# HD keeps asking me to format it.



## Andrew Marchi (Jan 5, 2016)

Hey guys, So I bought a new 4TB Seagate HD a bout a month ago and recently it has decided to go nuts. When I go to access something I have on there I get a message telling me I need to format the drive before I can use it. Gyazo - dae308610196b9d4c142700da711cea2.png

This has been done about 3 times now.

I record alot of gameplay so I have a few questions.

A. is there anyway for me to get in and grab one of my clips?


B. Is there a way to stop it from doing this or did I get a bad hard drive?

Thank you so much for reading!


----------



## Lincon_WD (Jan 5, 2016)

Hi Andrew Marchi,

It could be a file system error.

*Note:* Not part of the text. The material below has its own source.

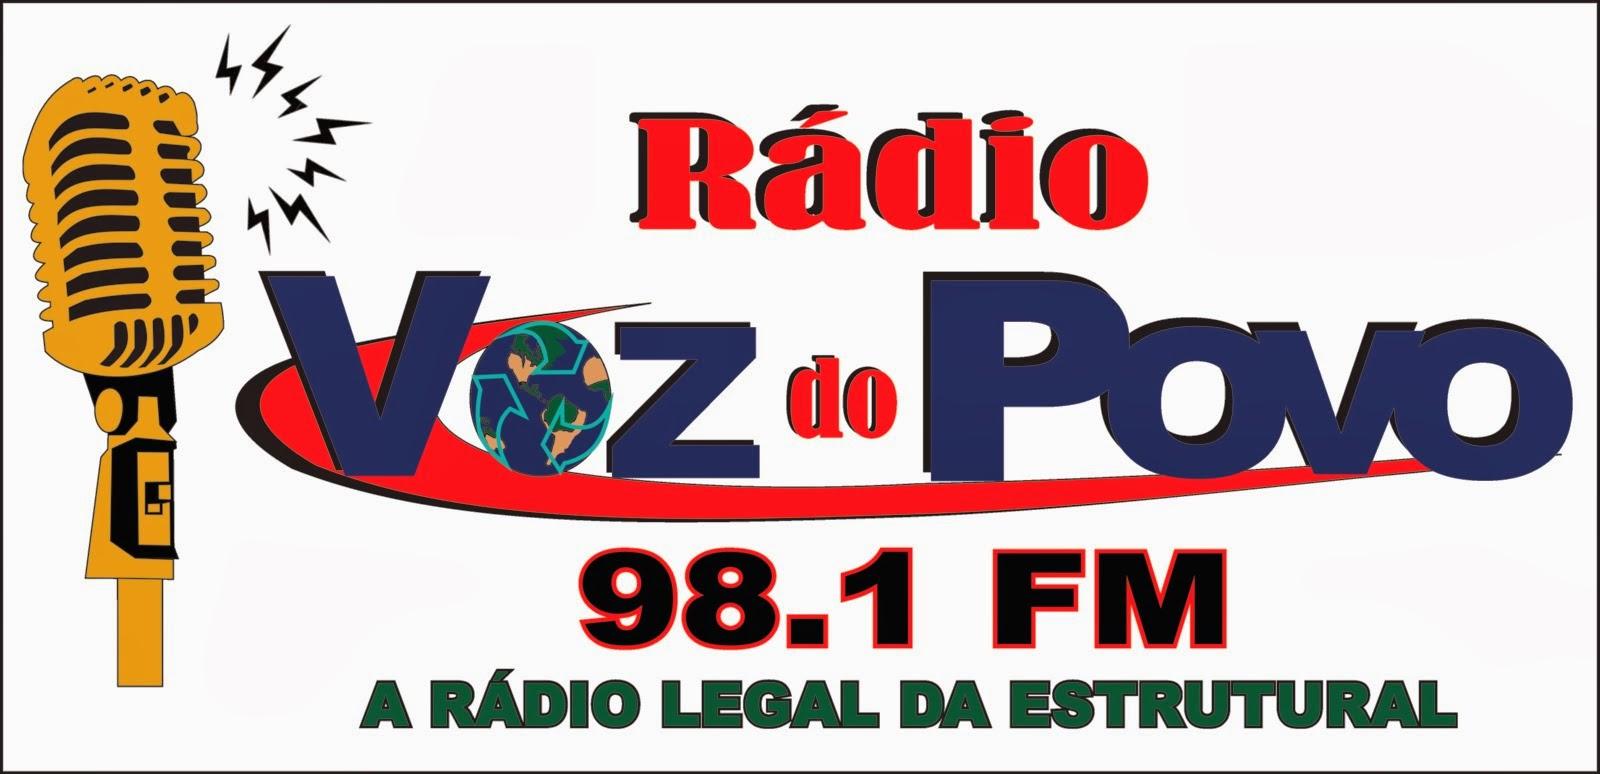 Radio voz do povo

When the first sector in a HDD known as the boot sector containing the MBR Code and the partition table gets corrupted, Windows is unable to see and read any file system. Since Windows sees no file system in the partition, it prompts you to format it in order to create a file system on it.

This happens mostly by directly disconnecting the drive instead of using “Safely Remove Hard drive” option. This can happen in many ways such as a power failure, unplugging the drive from the USB port or from its AC adapter, a problem with the computer that causes it to temporarily disconnect the USB hubs and many more circumstances can lead to this occurring.

 I’d suggest you to always use “Safely remove hardware” to disconnect the drive. Left click the icon on the task bar, select the device from the menu, and wait for the confirmation message.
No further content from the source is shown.